DOI: 10.17485/IJST/v16i22.1027

Year: 2023, Volume: 16, Issue: 22, Pages: 1614-1623

Original Article

Statistical Optimization for the Production of Antimicrobial Compounds Produced by Mangrove Endophytic Aspergillus sp.

Nidhi S Trivedi1, Jignasha Thumar2,*

1Department of Microbiology and Biotechnology, School of Sciences, Gujarat University, Ahmedabad, Gujarat, India
2Department of Microbiology, Government Science College, Sector15, Gandhinagar, Gujarat, India

*Corresponding Author
Email: [email protected]

Received Date:02 May 2023, Accepted Date:19 May 2023, Published Date:03 June 2023

Creative Commons License

This work is licensed under a Creative Commons Attribution 4.0 International License.

Abstract

Objectives: The purpose of this study was to investigate the antibacterial properties of an endophytic fungus, Aspergillus sp., isolated from the roots of the Avicennia marina belonging to an unexplored location in Kutch, Gujarat, India. The study aimed to optimize various factors to enhance the production of antimicrobial compounds. Methodology: Antimicrobial activity was performed using the agar-well diffusion method, and the results were compared with the standard antibiotic streptomycin as a positive control and DMSO as a negative control. The classical one-factor-at-a-time (OFT) approach was used to optimize various factors such as temperature, pH, culture media, carbon and nitrogen sources, and solvents to enhance antimicrobial production.

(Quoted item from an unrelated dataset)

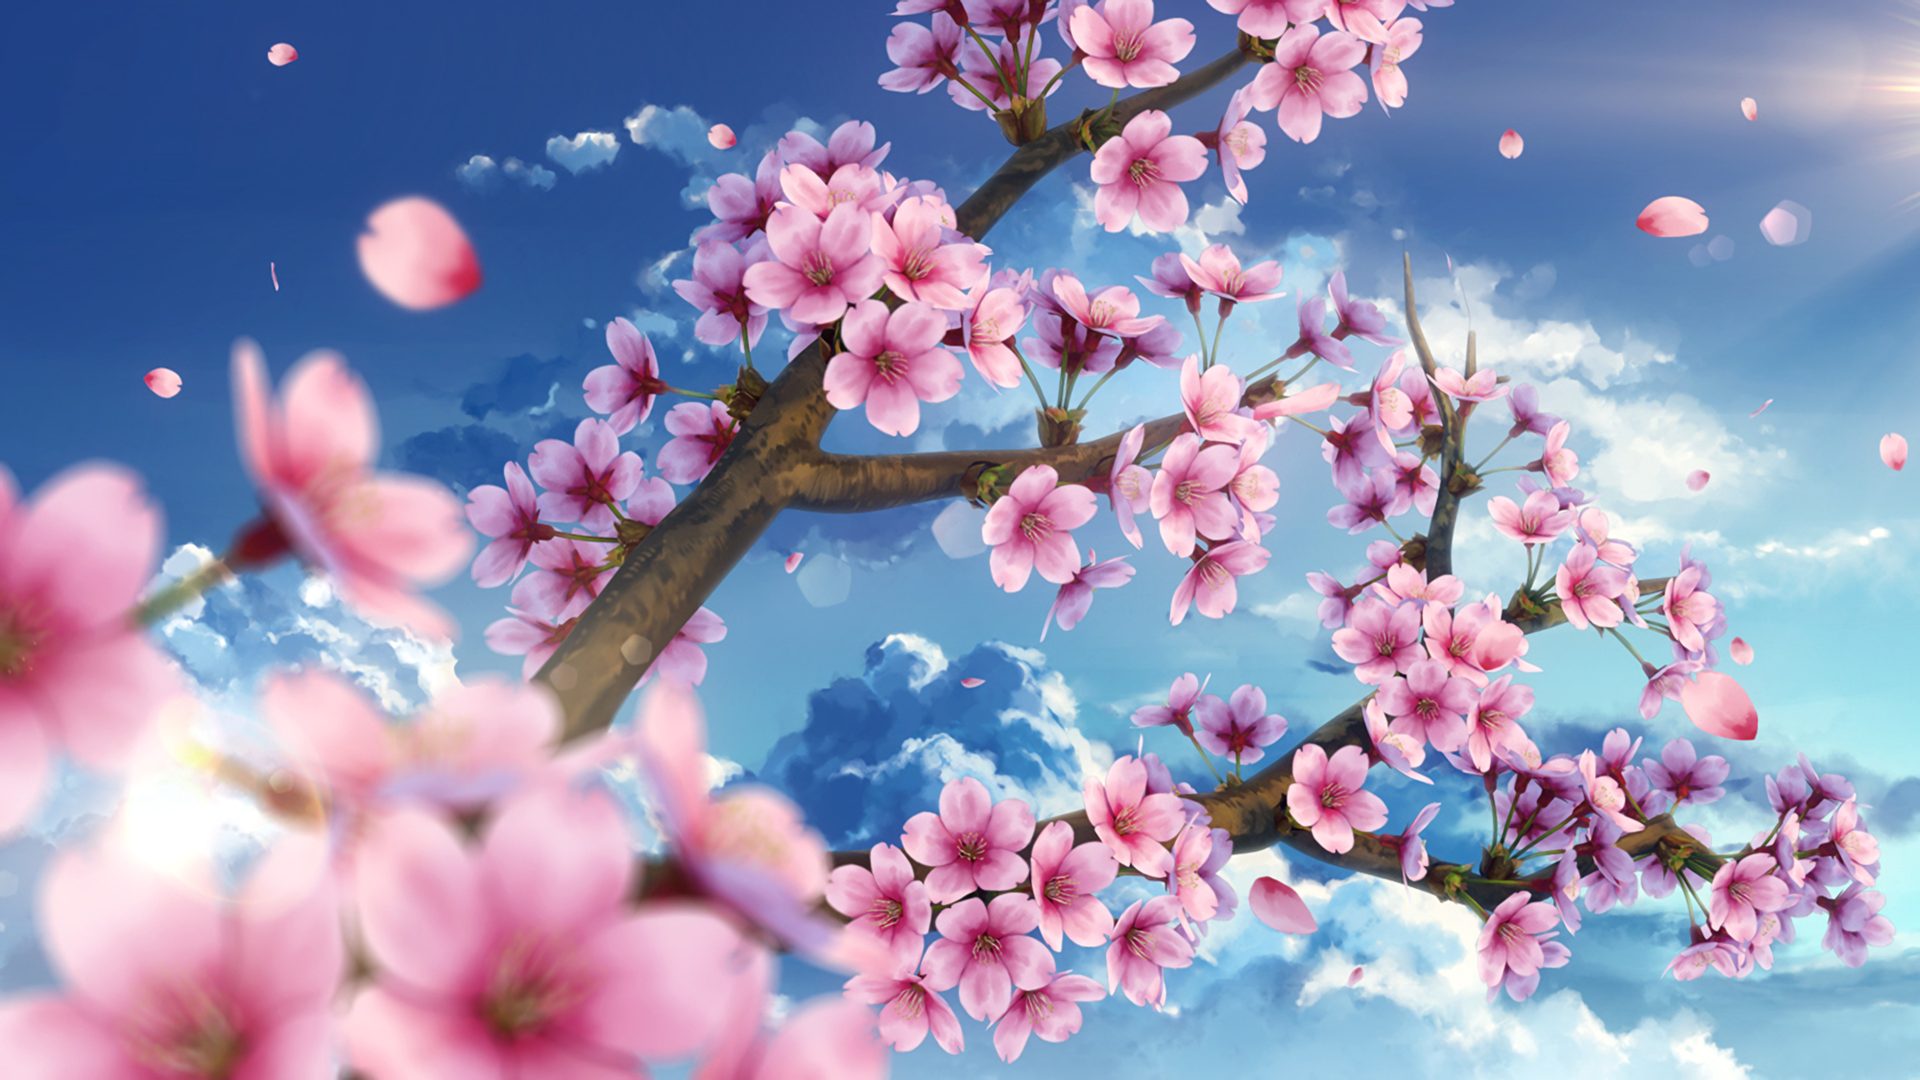 Hình nền  phong cảnh Anime Bầu trời mùa đông chi nhánh nhà ở  Vocaloid Hatsune Miku Hoa anh đào Mùa xuân cây thực vật 1920x1080 px Hình  nền máy tính khu

Response Surface Methodology (RSM) was used to statistically optimize the production of antimicrobial compounds. Findings: The investigation revealed that the endophyte exhibited remarkable inhibitory action against sensitive strains of Klebsiella pneumoniae, Escherichia coli, Pseudomonas aeruginosa, Bacillus cereus, and Staphylococcus aureus. The most suitable conditions for the production of antimicrobials were; an inoculum size of 1*105 in potato dextrose medium at a temperature of 25◦C and pH 6, with an incubation period of 12 days. Starch and ammonium chloride acted as the best carbon and nitrogen sources, respectively. The use of RSM resulted in a 1.46-fold increase in the antimicrobial activity against Pseudomonas sp., with an increase in the zone of inhibition from 18.36mm to 26.8mm. Novelty: The study highlights the unique antimicrobial potential of an unexplored endophyte derived from Avicennia marina roots in Kutch, Gujarat, India. RSM played a crucial role in detecting optimum conditions for the production of antimicrobial compounds, resulting in a significant increase in activity. Its application emphasizes the importance of advanced statistical techniques in improving our understanding of complex biological systems.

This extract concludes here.